Nazi-Sovyet Paktı, taraf her iki devlet için geçici bir çıkar anlaşması idi. Hükümetlerin ideolojik farklılıkları, Hitler’in toprak kazanma hırsı ve Almanya’nın hammadde ihtiyacı göz önüne alındığında iki ülke arasında savaş çıkması kaçınılmaz olarak görülüyordu. Hitler, bu hırsını 1925 yılında yazdığı Kavgam (Mein Kampf) adlı kitabında dile getirmişti. Kitabında, Alman halkı için bir Lebensraum (Yaşam Alanı) yani yeni kaynak alanı bulabileceği ve Alman halkının refah düzeyine kavuşabileceği Doğuda yeni topraklara olan ihtiyacı açıklamıştı. Hitler’in başarlı bir şekilde 1939 yılında Polonya’yı işgal etmesinin ardından, aynı zananda, Almanya’ya savaş açmış olan İngiltere ve Fransa ile uğraşmak zorunda kalmıştır. Herkesin şaşkınlığına rağmen, Almanya, Batı’daki saldırılarında dikkate değer düzeyde başarılı olmuştu. Fransa, 1940 yılı, Haziran ayında teslim olmuş ve İngiltere Dunkrink Tahliyesi ile geri çekilmişti. Hitler, Hava Savunmasıyla İngiltere Savaşını (Temmuz-Ekim 1940) kazanamamıştı ve bu durum İngiltere’ya karşı bir işgalin başlatılamayacağı anlamına geliyordu. Hitler, bombalama seferberliği başlatmış, ancak İngiltere’yi teslim alamayacağı anlaşılınca, Doğu’ya yönelmişti.
Polonya, 1939 yılında, Bug Nehri hattı boyunca bölüştürülmüştü; SSCB Doğu kısmını, Almanya ise Batı tarafını almıştı. SSCB, Estonya, Letonya ve Litvanya’yı bağımlı devletler haline getirmiş ancak Finlandiya güçleri Kızıl Ordu saldırılarına inatla direnmişlerdi (1940 yılı, Mart ayında Barış Antlaşması imzalanmıştı). Bu toprak gasplarının bir sonucu da SSCB’nin ihmal edilmiş savunma hattı olan ve Batı kanadını koruyan Stalin Hattı, artık cephe hatlarından biri haline gelecek hattın çok gerisinde kalmıştır.

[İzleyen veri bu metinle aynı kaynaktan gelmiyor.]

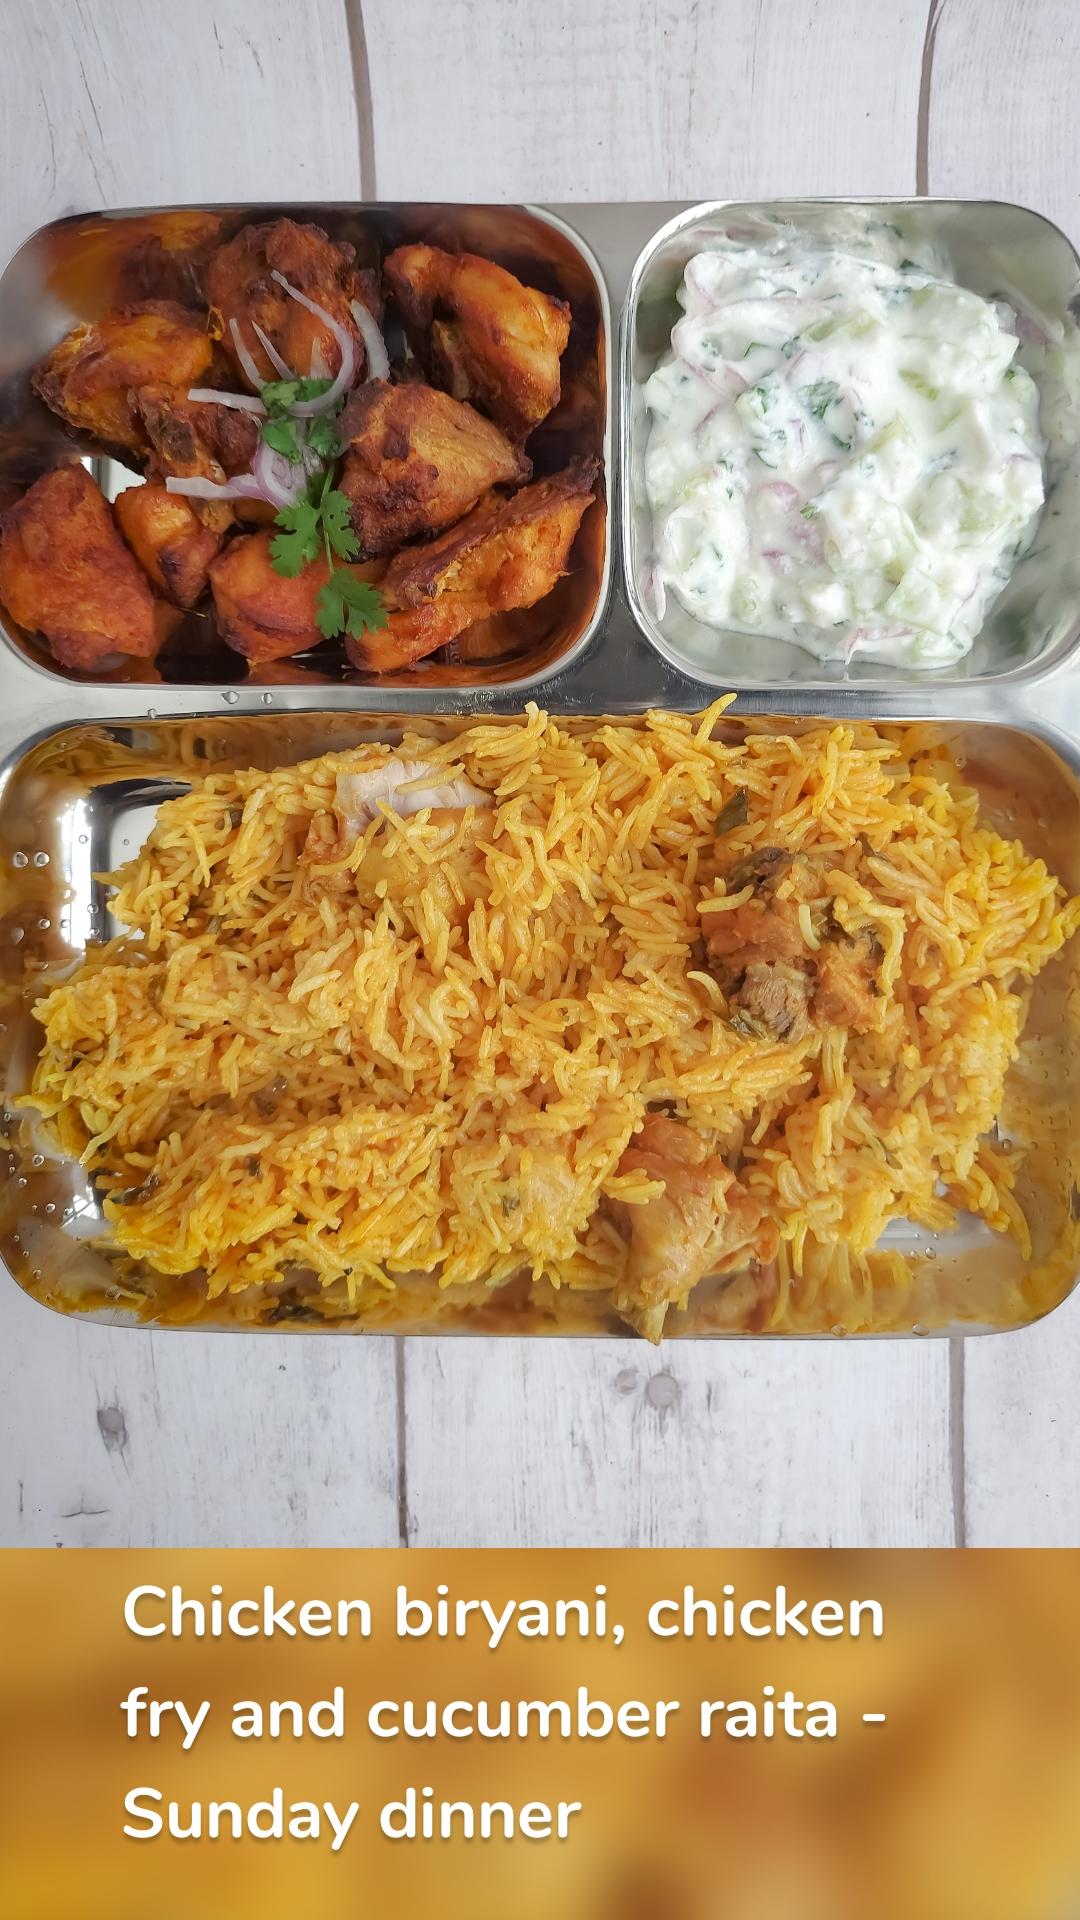 Chicken biryani, chicken fry and cucumber raita - Sunday dinner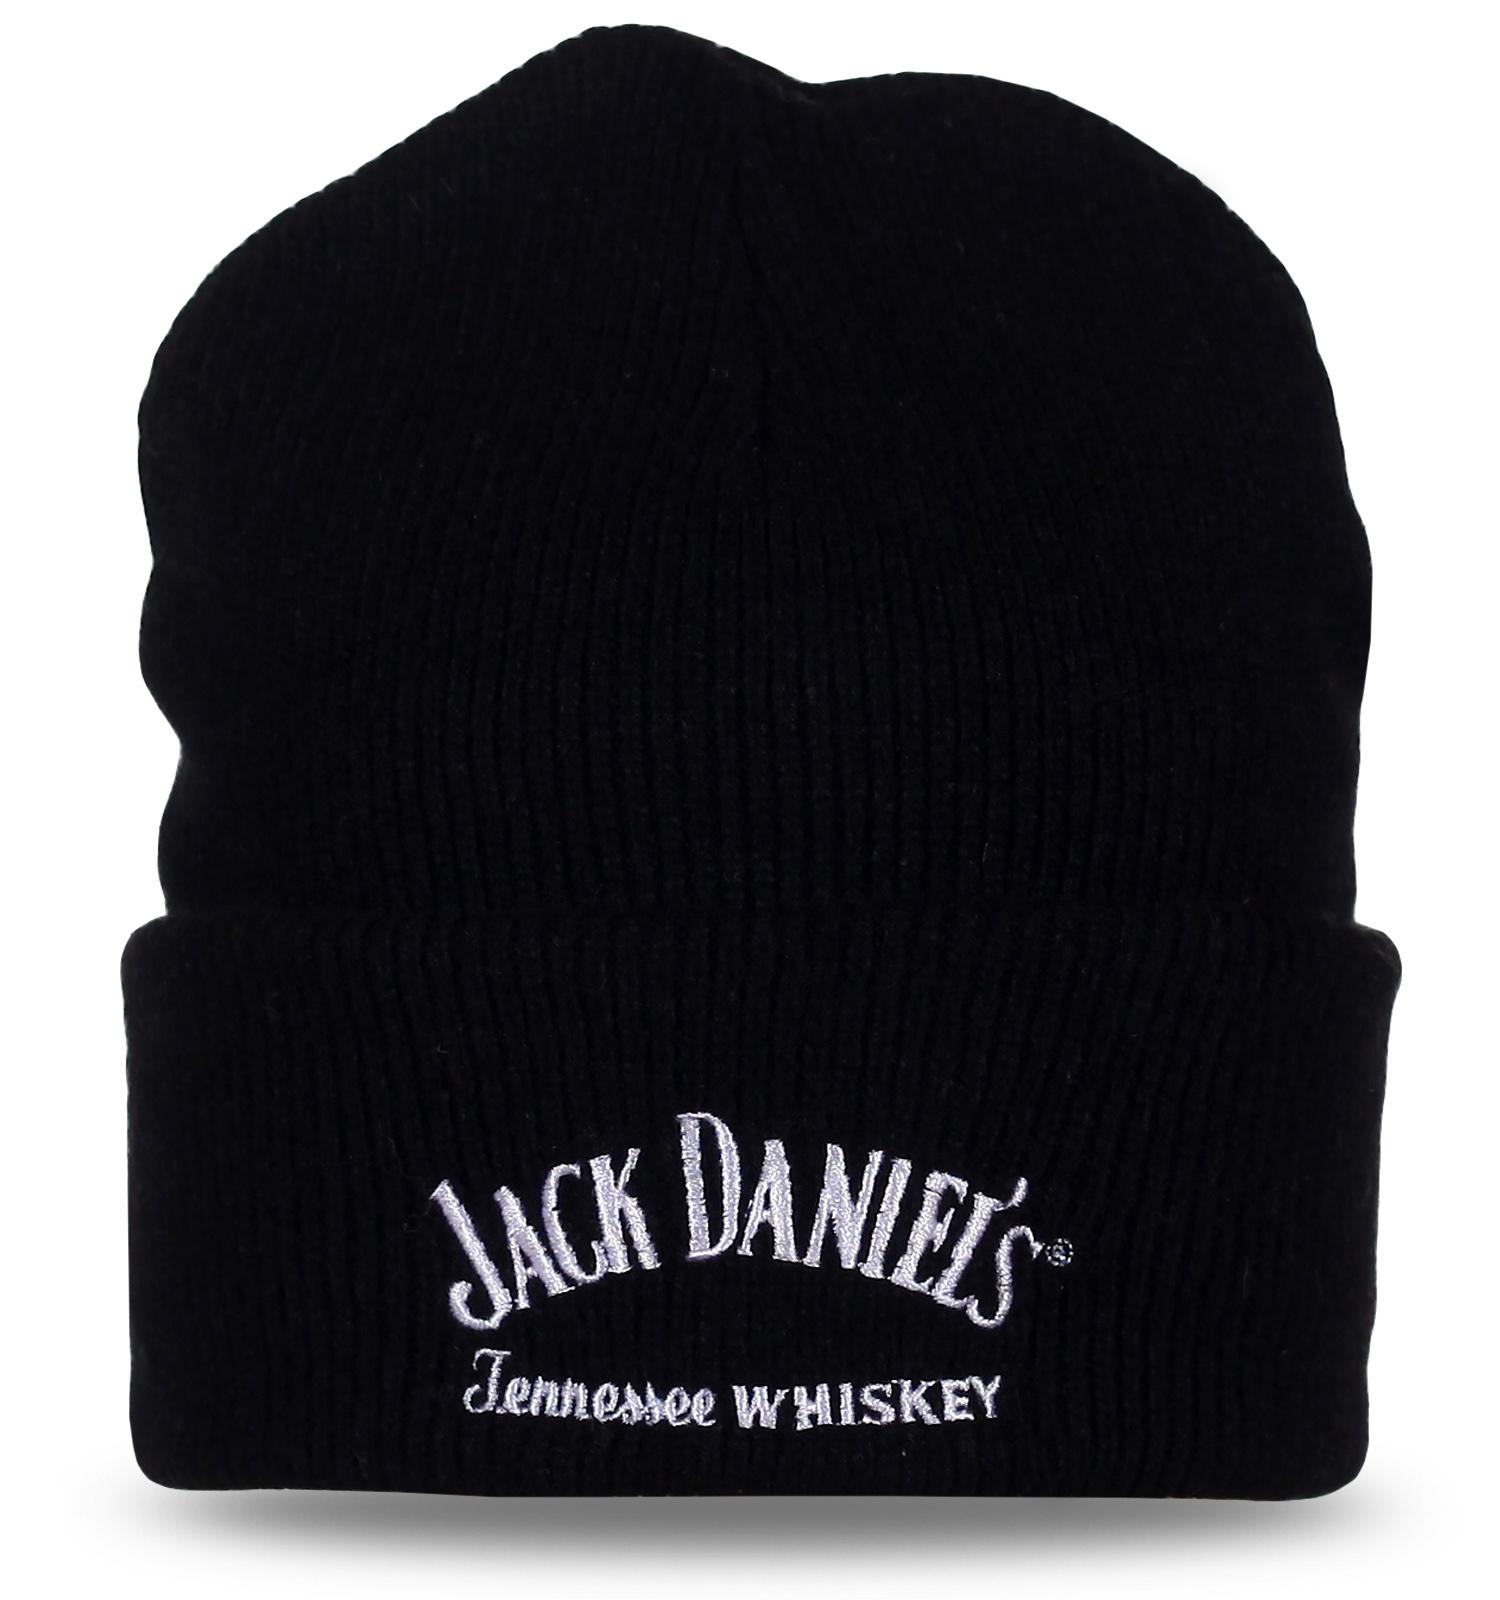 Фирменная шапка Jack Daniel's черного цвета. Универсальная модель с подворотом

Hitler’in SSCB’ye düzenlediği saldırının kod adı Barbarossa Harekâtı olmuştur. İşgalin resmi gerekçesi; SSCB’nin Alman topraklarında sabotaj eylemleriyle Nazi-Sovyet Paktı ruhunu bozdoğu ve Üçüncü Reich yönetimini doğrudan tehdit etmek üzere askeri yığınak yapması olmuştu. Öte yandan, Stalin de, Hitler’i, Alman askerlerini Romanya ve Bulgaristan üzerine seferber ederek Paktı bozmakla itham etmişti. Tarihçi W.L. Shirer şöyle bir açıklama getirmişti; “Hırsızlar…ganimet konusunda kavga etmeye başlamışlardı” (801).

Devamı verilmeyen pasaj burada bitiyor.